A population can breed $s$ cats if and only if $\min(m,f)\geq F_s$ and $m+f\geq F_{s+2}$ (where $F_n$ is the $n^{th}$ Fibonacci number, starting with $F_0=0$ and $F_1=1$)

To prove that this is correct, let us consider the family tree of the stripiest cat. We may notice that any cat in this ancestry with stripes might as well be a hermaphrodite (able to breed with any other cat) since we may choose their gender freely and they may only breed once in this tree (as otherwise there would be incest).

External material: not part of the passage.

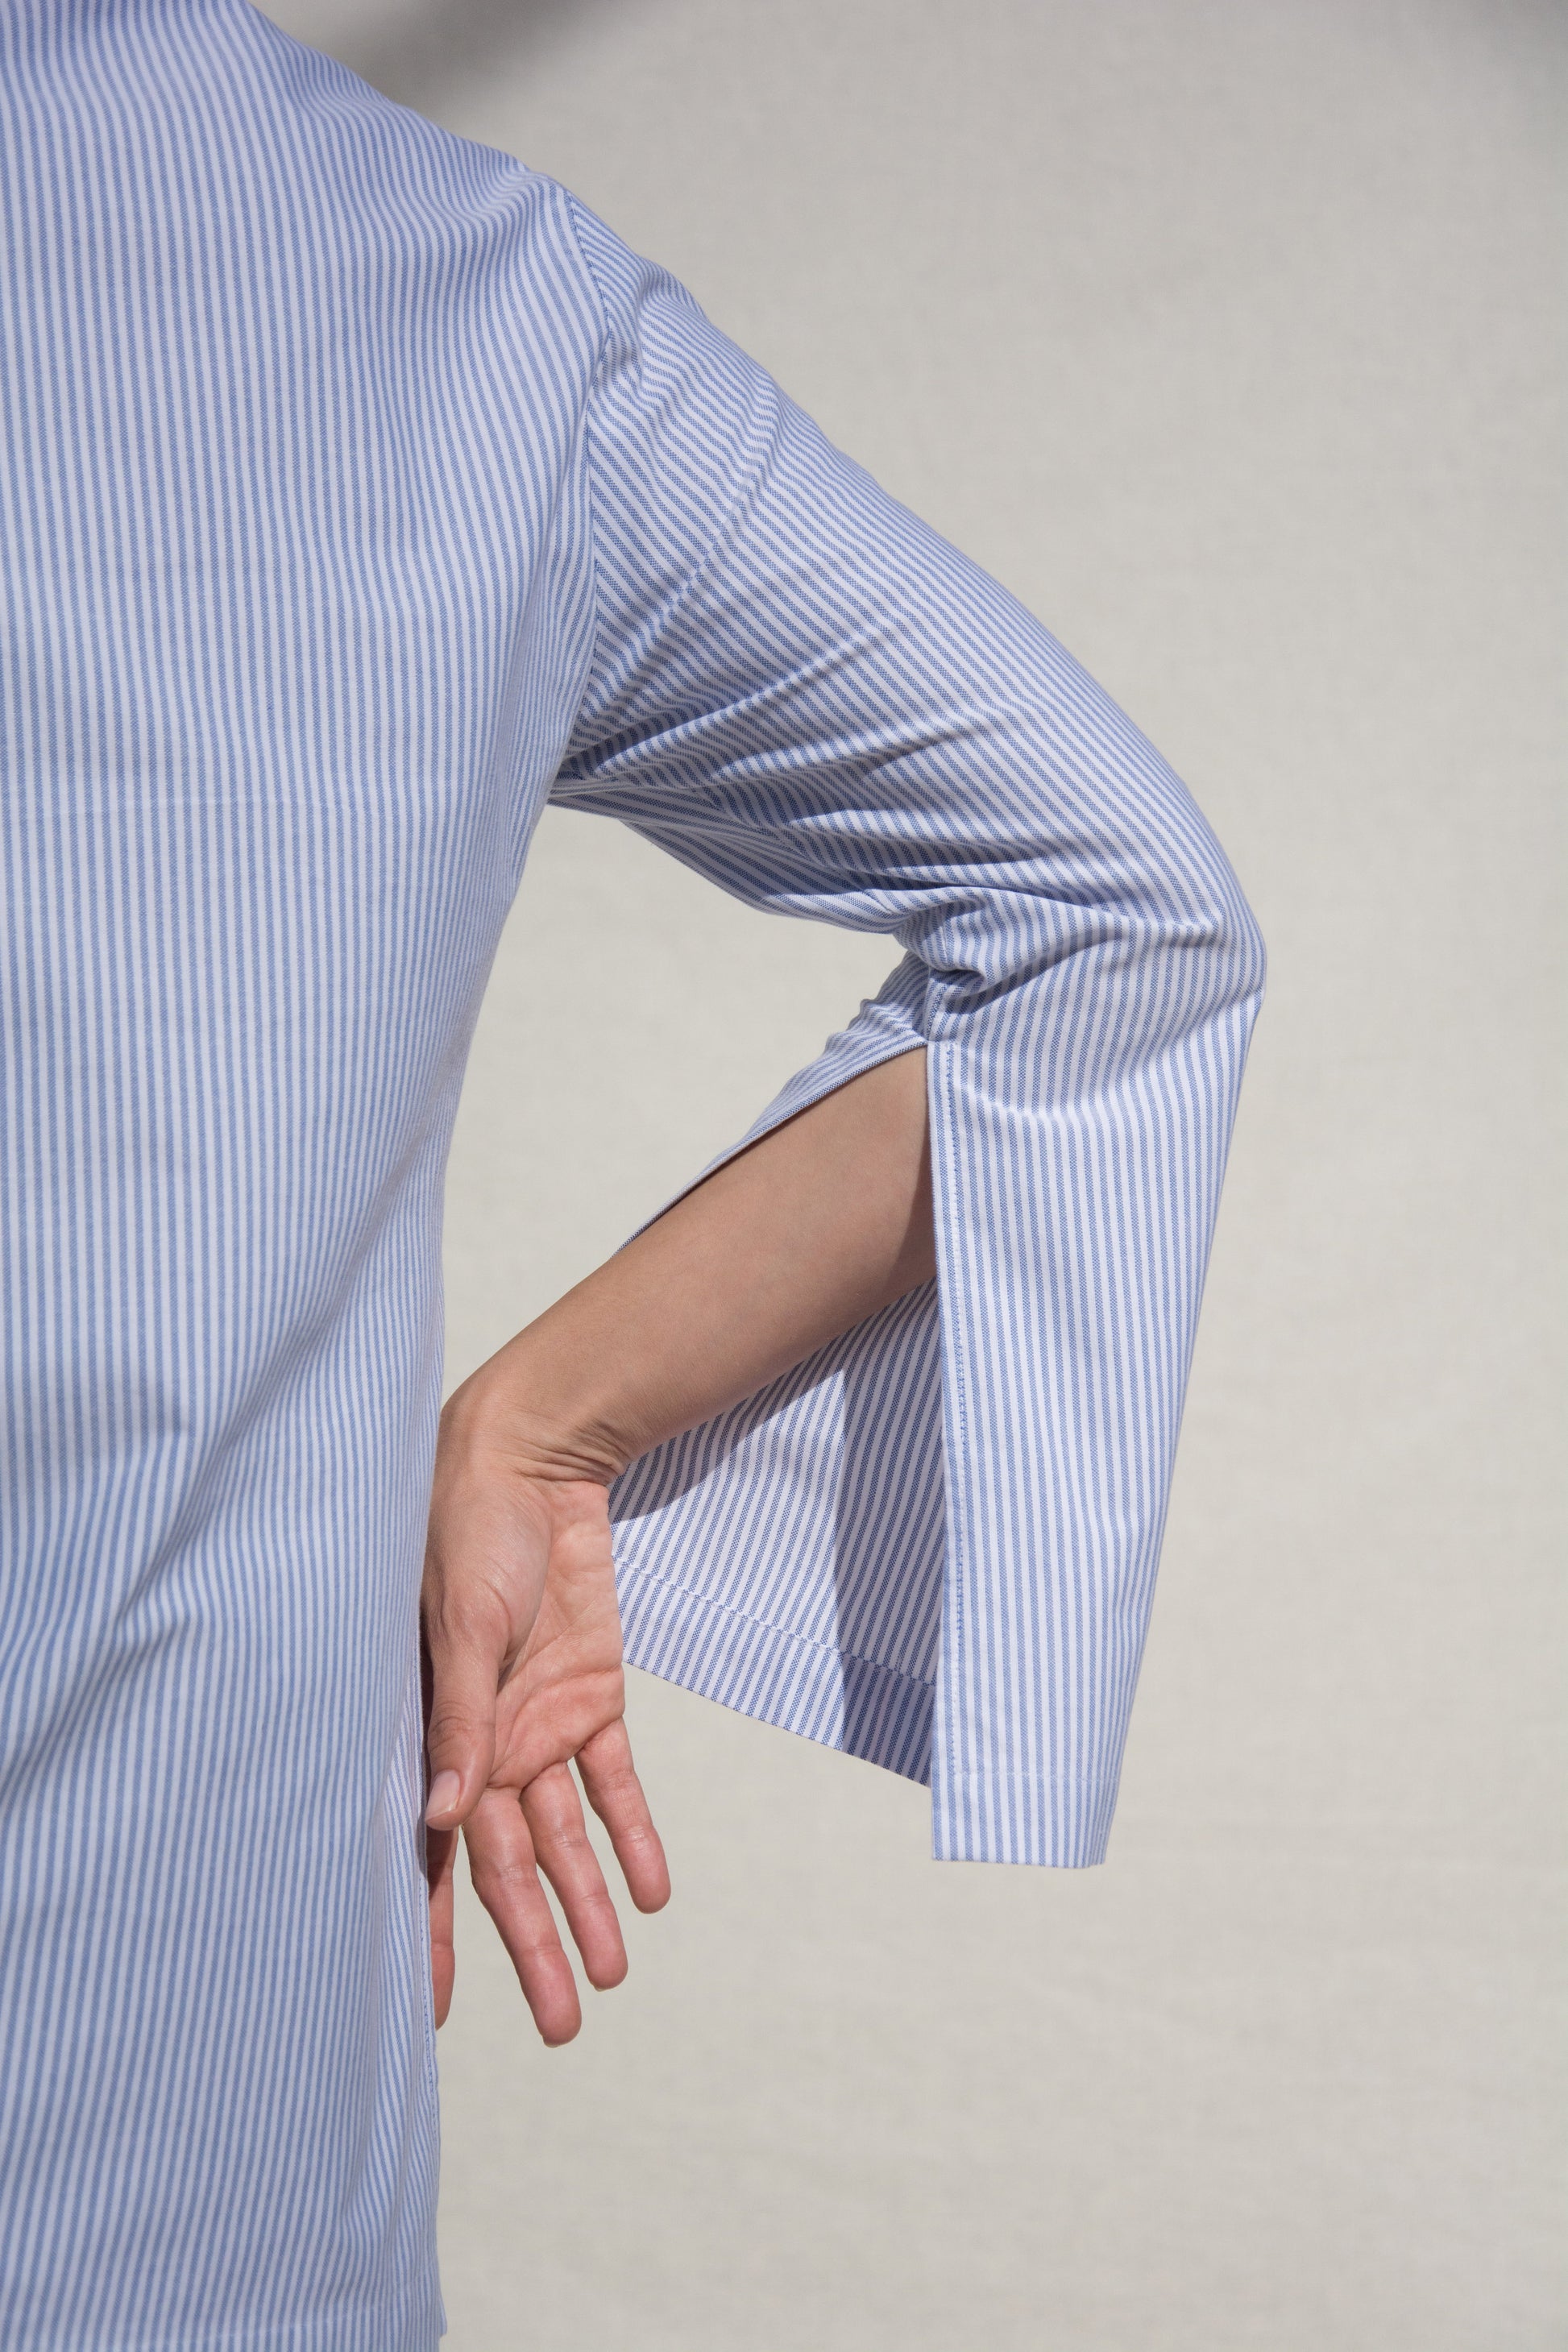 Detail image of woman's arm showing slit in sleeve. Indigo stripe cotton.

Motivated by this, we see that gender only matters in so far as we have some number of stripeless male-female couples, along with some more zero-stripe cats (of either gender) who breed with hermaphrodites. In particular, define $f(s)$ as the number of male-female couples required to breed a cat with $s$ stripes and $g(s)$ as the number of additional cats required. We see easily that, as the cheapest way to make a cat with $s$ stripes is to breed a cat with $s-1$ stripes with one with $s-2$ stripes that:

$$f(s)=f(s-1)+f(s-2)$$ $$g(s)=g(s-1)+g(s-2)$$ and we see the initial conditions are: $$f(0)=0$$ $$f(1)=1$$ $$g(0)=1$$ $$g(1)=0$$

Easily, from this, we see that $f$ is exactly the Fibonacci sequence and $g(s)=f(s-1)$. Thus, to breed a cat with $s$ stripes, we need at least $F_s$ couples along with $F_{s-1}$ additional individuals - meaning both genders need at least $F_s$ individuals. So, in total, we need at least $F_{s+2}=F_{s-1}+2F_s$ individuals.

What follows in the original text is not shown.